Question 4 True / False
Tertiary alkyl halides are good electrophiles for malonate enolate alkylation because greater substitution at carbon increases its electrophilicity.
TTrue
FFalse
Answer: False
Electrophilicity at a carbon center in SN2 reactions is dominated by steric accessibility, not electron density alone. Tertiary carbons are surrounded by three alkyl groups, blocking backside approach by the nucleophile and making SN2 essentially impossible. The competing E2 pathway (elimination) is strongly favored instead. Good SN2 electrophiles for malonate alkylation are methyl and primary alkyl halides, where the backside face is open.
Question 5 Short Answer
Explain why both a hydrolysis step and a decarboxylation step are required in the malonic ester synthesis, and what drives the loss of exactly one CO₂ rather than two.
Think about your answer, then reveal below.

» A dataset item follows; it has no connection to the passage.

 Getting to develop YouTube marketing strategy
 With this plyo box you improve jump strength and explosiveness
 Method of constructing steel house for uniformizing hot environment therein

Model answer: Hydrolysis converts the two ester groups to carboxylic acids, forming the malonic acid derivative needed for decarboxylation; the esters themselves do not decarboxylate directly. Decarboxylation is driven by the β-diacid geometry: one carboxyl acts as an internal proton donor to the departing CO₂ through a six-membered cyclic transition state, releasing CO₂ and producing the enol of the product acid simultaneously. After one carboxyl leaves, the remaining product is a simple monocarboxylic acid with no adjacent activating group — it cannot form the cyclic transition state, so no further decarboxylation occurs. The net synthesis converts R–X into R–CH₂–COOH, adding one carbon and one carboxyl group.
The mechanism of malonic ester decarboxylation illustrates a broader principle: β-keto acids and malonic acid derivatives decarboxylate readily because the β-carbonyl provides an intramolecular proton sink and stabilizes the transition state. Once that activating group is removed (after the first decarboxylation), the remaining acid is thermally stable under normal conditions. This is why the sequence is reliable and the product is clean.